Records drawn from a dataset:
★ ★ ★ ★ ★ ★ ★

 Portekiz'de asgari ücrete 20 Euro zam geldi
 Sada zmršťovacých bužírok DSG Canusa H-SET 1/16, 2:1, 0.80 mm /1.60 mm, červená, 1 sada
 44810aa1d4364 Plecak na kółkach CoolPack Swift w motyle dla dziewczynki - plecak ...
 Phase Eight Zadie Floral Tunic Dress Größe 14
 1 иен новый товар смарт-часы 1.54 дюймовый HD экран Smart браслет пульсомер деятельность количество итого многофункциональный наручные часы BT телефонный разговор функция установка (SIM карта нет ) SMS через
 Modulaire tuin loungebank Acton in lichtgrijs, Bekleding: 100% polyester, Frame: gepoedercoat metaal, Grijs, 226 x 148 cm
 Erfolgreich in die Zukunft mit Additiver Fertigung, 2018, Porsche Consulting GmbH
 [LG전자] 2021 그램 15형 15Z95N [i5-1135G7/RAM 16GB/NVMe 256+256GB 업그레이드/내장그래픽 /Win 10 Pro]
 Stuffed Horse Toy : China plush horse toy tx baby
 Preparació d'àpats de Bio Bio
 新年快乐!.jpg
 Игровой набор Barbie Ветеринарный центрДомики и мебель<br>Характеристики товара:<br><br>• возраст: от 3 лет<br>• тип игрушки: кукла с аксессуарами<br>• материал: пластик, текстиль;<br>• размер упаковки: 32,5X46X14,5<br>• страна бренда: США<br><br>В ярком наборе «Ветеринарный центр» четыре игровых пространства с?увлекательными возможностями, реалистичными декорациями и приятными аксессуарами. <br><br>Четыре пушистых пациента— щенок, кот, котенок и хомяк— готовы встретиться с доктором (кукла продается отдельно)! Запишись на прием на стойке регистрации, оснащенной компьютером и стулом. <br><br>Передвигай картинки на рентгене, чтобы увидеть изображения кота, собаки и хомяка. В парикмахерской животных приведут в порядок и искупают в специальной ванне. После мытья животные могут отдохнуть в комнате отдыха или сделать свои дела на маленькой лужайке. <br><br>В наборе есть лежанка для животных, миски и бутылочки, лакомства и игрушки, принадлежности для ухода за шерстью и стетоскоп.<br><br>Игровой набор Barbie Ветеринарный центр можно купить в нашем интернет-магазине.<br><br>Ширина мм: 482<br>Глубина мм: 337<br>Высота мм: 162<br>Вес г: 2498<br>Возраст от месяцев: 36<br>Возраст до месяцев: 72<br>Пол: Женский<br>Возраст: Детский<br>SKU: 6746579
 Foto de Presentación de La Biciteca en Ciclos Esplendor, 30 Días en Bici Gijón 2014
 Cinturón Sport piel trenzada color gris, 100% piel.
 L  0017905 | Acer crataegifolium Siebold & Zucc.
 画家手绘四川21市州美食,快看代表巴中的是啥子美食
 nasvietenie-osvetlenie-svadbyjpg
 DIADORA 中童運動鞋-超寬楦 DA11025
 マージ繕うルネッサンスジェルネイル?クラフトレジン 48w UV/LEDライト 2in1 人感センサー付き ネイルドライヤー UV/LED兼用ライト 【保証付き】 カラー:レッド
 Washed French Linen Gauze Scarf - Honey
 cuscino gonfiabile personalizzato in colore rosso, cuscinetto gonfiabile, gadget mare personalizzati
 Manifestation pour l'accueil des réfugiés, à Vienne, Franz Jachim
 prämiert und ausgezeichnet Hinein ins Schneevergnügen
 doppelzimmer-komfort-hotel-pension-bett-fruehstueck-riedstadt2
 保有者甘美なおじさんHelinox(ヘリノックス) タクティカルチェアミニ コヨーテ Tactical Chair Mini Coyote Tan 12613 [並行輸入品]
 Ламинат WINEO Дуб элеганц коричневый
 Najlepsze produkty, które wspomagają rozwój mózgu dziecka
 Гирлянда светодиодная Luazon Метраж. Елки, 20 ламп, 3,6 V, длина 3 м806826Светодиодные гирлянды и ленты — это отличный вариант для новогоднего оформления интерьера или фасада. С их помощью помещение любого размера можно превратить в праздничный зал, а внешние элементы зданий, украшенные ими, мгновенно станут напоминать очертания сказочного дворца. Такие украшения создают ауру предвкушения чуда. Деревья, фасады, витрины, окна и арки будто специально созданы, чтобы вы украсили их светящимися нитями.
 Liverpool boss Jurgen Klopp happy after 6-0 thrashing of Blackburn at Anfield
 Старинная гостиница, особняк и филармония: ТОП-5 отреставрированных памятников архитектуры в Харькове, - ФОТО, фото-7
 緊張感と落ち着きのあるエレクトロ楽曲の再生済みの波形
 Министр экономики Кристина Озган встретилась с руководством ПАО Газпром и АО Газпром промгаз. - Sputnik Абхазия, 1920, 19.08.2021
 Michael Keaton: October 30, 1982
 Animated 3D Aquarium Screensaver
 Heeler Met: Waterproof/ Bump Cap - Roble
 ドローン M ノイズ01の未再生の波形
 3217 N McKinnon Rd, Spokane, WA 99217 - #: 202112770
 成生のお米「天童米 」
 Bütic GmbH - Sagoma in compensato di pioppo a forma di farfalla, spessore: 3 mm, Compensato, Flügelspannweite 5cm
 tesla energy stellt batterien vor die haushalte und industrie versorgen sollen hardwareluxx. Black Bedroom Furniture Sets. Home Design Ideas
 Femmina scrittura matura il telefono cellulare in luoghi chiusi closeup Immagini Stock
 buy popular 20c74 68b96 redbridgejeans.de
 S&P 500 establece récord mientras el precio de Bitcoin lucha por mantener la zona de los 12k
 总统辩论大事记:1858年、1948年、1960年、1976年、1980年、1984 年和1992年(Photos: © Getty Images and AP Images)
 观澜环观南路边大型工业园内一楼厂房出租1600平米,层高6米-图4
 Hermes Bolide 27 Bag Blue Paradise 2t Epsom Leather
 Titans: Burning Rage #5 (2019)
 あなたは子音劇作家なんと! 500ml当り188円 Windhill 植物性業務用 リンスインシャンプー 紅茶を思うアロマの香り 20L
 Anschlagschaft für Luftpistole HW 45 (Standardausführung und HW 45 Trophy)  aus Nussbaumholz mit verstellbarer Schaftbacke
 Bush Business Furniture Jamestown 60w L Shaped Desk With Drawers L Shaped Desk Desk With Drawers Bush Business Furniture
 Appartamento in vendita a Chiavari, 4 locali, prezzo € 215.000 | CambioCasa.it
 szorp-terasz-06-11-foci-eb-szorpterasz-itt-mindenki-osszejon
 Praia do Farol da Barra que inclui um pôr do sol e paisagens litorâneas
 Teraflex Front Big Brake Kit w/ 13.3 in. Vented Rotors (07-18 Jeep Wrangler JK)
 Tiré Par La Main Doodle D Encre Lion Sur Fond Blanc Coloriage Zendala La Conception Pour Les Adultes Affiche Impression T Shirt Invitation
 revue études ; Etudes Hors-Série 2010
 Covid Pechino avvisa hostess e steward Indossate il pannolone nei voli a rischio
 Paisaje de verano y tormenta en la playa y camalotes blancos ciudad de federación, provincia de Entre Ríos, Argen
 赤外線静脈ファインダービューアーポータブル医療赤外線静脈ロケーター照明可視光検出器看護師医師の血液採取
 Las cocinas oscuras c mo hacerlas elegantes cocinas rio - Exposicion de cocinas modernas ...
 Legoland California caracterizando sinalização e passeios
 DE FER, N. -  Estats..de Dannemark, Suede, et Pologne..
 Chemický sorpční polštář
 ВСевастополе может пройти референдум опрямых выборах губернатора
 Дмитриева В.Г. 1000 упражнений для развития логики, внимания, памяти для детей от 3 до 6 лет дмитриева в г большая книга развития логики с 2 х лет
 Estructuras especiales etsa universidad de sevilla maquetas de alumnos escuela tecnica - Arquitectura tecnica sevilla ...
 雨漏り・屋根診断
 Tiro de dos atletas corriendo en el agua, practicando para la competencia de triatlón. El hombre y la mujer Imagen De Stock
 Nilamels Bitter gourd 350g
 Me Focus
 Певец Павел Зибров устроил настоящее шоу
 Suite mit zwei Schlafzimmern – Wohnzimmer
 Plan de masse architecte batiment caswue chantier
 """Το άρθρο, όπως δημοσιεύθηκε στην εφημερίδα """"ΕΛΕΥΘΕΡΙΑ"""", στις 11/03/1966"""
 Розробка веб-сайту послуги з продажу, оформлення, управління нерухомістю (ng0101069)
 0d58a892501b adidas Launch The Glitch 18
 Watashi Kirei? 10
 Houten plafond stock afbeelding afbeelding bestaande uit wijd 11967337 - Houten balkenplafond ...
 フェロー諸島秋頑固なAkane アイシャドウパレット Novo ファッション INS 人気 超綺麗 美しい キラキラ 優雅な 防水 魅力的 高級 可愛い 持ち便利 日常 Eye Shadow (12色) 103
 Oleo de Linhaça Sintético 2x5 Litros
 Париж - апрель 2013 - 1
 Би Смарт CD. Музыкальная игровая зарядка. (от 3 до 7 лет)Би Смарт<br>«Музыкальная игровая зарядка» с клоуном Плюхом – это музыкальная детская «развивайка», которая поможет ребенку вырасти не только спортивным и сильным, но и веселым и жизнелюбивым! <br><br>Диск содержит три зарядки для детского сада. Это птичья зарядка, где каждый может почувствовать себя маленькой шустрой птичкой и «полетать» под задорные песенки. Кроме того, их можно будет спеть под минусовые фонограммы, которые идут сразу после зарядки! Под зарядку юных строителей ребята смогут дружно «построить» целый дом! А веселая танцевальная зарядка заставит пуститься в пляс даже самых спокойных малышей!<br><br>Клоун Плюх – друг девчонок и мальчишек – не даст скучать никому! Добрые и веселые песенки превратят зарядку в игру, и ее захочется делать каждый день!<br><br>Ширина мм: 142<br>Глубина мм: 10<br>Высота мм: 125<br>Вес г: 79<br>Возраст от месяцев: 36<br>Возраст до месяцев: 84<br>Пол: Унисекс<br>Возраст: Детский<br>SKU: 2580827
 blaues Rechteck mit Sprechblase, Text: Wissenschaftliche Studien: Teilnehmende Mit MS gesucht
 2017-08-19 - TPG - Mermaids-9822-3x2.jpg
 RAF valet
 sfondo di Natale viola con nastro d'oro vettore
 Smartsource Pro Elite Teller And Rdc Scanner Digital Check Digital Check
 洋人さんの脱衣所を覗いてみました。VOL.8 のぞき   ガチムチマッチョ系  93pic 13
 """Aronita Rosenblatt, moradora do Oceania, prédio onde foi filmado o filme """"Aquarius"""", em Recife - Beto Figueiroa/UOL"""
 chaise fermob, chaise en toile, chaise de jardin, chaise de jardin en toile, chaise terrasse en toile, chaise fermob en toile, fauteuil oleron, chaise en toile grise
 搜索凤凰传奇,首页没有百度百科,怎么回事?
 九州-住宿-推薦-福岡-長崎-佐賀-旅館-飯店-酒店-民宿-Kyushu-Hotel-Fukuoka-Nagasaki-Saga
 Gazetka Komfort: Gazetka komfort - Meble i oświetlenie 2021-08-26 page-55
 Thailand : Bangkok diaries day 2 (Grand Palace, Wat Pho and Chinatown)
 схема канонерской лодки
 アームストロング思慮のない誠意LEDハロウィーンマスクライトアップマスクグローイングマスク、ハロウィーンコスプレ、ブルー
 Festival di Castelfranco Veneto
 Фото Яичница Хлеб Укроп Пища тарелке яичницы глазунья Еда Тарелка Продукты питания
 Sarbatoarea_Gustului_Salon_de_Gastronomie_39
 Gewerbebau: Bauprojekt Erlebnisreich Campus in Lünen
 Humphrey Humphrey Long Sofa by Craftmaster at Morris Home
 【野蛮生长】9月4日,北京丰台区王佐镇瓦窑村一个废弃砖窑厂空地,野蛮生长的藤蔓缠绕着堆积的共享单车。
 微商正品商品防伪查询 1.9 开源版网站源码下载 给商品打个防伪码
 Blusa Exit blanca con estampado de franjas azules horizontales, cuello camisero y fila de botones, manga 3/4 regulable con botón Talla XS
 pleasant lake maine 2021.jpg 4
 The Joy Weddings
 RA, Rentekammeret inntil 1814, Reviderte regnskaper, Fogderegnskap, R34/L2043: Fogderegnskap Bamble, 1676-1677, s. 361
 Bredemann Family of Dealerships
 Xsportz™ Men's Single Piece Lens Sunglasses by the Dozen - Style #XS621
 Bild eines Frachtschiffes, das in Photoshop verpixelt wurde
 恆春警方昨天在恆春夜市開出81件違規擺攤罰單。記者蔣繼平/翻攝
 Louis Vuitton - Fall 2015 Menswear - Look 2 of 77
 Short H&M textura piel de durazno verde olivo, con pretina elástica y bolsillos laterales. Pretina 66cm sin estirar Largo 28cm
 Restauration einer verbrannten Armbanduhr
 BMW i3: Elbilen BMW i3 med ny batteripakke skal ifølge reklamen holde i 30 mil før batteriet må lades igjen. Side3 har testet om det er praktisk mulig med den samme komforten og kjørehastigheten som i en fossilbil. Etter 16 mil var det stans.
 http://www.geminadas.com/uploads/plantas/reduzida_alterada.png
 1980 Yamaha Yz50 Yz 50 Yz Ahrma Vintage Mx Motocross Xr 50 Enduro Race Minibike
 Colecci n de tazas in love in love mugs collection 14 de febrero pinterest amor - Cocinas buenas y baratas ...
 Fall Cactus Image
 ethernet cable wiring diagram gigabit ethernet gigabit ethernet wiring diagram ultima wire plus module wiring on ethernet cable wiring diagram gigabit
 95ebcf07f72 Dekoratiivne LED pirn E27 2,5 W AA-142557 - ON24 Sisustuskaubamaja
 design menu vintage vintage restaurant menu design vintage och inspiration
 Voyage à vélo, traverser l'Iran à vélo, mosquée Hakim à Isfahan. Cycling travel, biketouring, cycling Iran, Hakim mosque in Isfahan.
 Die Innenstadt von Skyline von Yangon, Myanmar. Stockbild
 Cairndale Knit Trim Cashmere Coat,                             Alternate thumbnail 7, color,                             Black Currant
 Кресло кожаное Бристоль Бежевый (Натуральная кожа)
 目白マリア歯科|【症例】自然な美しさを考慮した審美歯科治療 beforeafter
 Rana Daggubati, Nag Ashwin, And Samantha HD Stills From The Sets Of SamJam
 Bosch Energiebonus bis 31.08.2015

★ ★ ★ ★ ★ ★ ★

WORK ORDER.
When the line with "Розробка веб-сайту послуги" is reached in the data above, start copying there, and copy each line exactly until the line with "Париж - апрель 2013 - 1" has been copied; copy nothing else.

SOLUTION FOR THIS PROBLEM.
 Розробка веб-сайту послуги з продажу, оформлення, управління нерухомістю (ng0101069)
 0d58a892501b adidas Launch The Glitch 18
 Watashi Kirei? 10
 Houten plafond stock afbeelding afbeelding bestaande uit wijd 11967337 - Houten balkenplafond ...
 フェロー諸島秋頑固なAkane アイシャドウパレット Novo ファッション INS 人気 超綺麗 美しい キラキラ 優雅な 防水 魅力的 高級 可愛い 持ち便利 日常 Eye Shadow (12色) 103
 Oleo de Linhaça Sintético 2x5 Litros
 Париж - апрель 2013 - 1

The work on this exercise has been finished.